SURABAYA Persebaya Surabaya mengirim pesan yang tak bisa diabaikan. Mereka belum selesai. Di pembuka putaran kedua Super League 2025/2026, Green Force menunjukkan taringnya dengan kemenangan meyakinkan 3-0 atas PSIM Yogyakarta di Stadion Sultan Agung, Minggu (25/1/2026). Tiga poin itu penting, tapi yang lebih penting adalah pernyataan yang dibawanya: kebangkitan.
Dalam narasi kebangkitan ini, dua nama mencuat: Malik Risaldi dan Rachmat Irianto. Mirip dengan peran vital Ramadhan Sananta dan Ananda Raehan di PSM, Persebaya sepertinya telah menemukan duo andalannya sendiri.
Gol terakhir Rachmat Irianto bukan sekadar pelengkap angka. Itu adalah pernyataan. Sebuah simbol dominasi dan kepercayaan diri yang sempat meredup. Gol solo run-nya menegaskan bahwa tim ini punya pemain dengan kualitas individu untuk memutus pertandingan sesuatu yang sering dipertanyakan sebelumnya.
Pertandingan sendiri berlangsung cepat sejak peluit awal. PSIM sempat mengancam lewat Jose Pedro dan Norberto Vidal, tapi ancaman itu lebih banyak berupa ide ketimbang eksekusi nyata. Di sisi lain, Persebaya tampak lebih tenang. Mereka bermain sabar, tidak terburu-buru.
Lini tengah mulai menemukan ritmenya. Malik Risaldi jadi pengganggu utama struktur bertahan lawan. Pergerakannya yang tak kenal lelah membuka ruang dan memberi napas bagi para penyerang.
Kebuntuan akhirnya pecah di menit ke-34. Paulo Domingos mendaratkan bola matang dari Bruno Moreira ke gawang PSIM. Gol itu seperti melepas rem. Wajah pertandingan berubah; Persebaya tampak lebih berani dan yakin.

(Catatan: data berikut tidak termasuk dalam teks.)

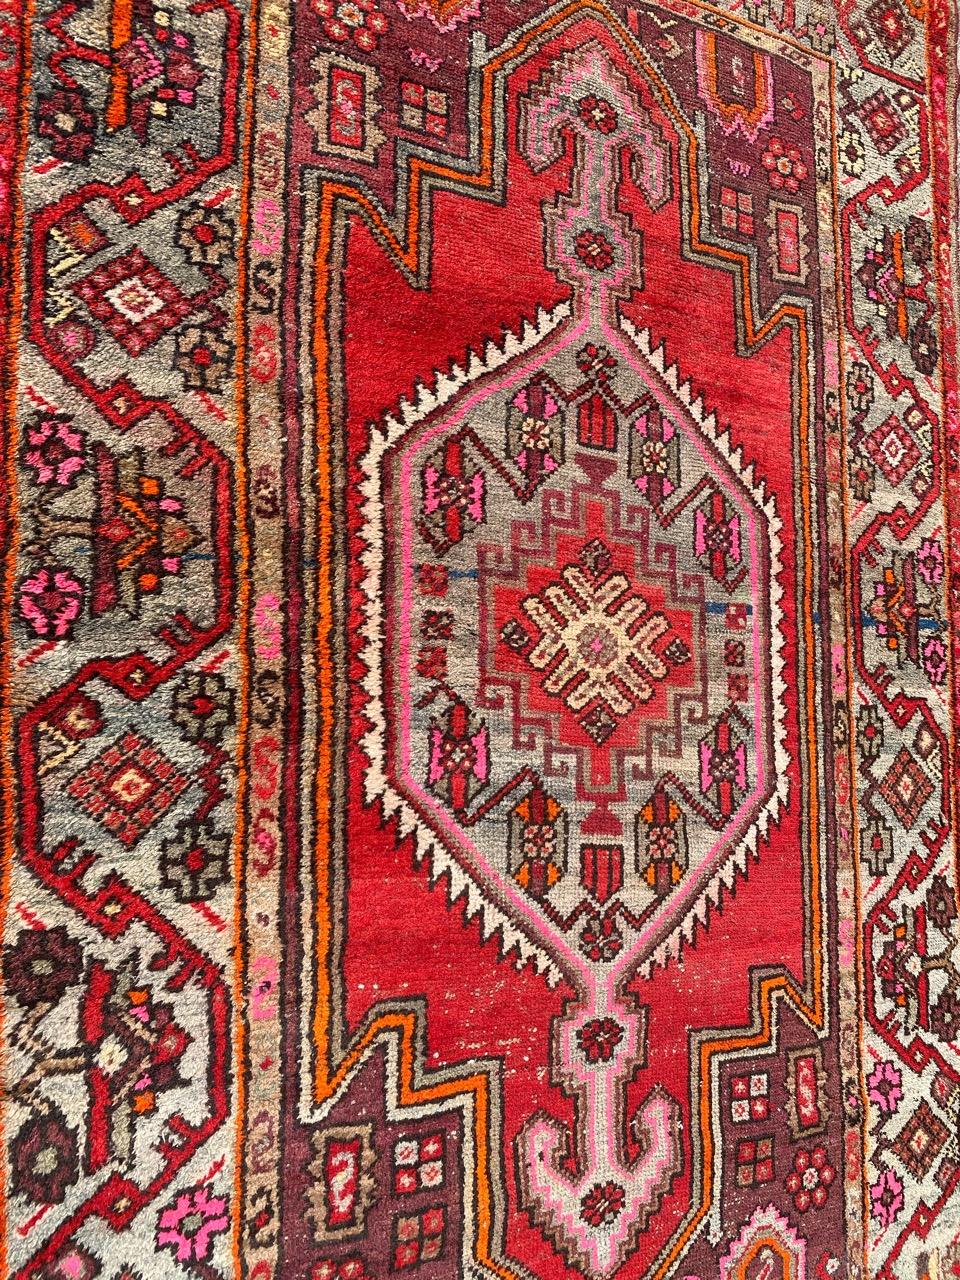 Schöner Hamadan-Teppich mit schönem geometrischem Stammesmuster und schönen Farben, komplett handgeknüpft mit Wollsamt auf Baumwollgrund.

✨✨✨

Babak kedua benar-benar berbeda. Masuknya Bruno Paraiba dan Rachmat Irianto bukan sekadar pergantian pemain biasa. Itu adalah koreksi taktis yang langsung terasa. Ritme permainan naik, intensitasnya bertambah.
Bruno Paraiba lantas mencetak gol debutnya. Gol yang datang di momen krusial itu semakin menggoyahkan pertahanan PSIM. Dan ketika lawan mulai limbung, Rachmat Irianto muncul untuk memberi pukulan final.
Menit 45 38. Rachmat membawa bola dari tengah lapangan, mengelak dari hadangan, dan melepaskan tembakan dingin. Gol solo run itu mematikan semua harapan PSIM. Lebih dari itu, ia menegaskan siapa pemimpin di lapangan hari itu.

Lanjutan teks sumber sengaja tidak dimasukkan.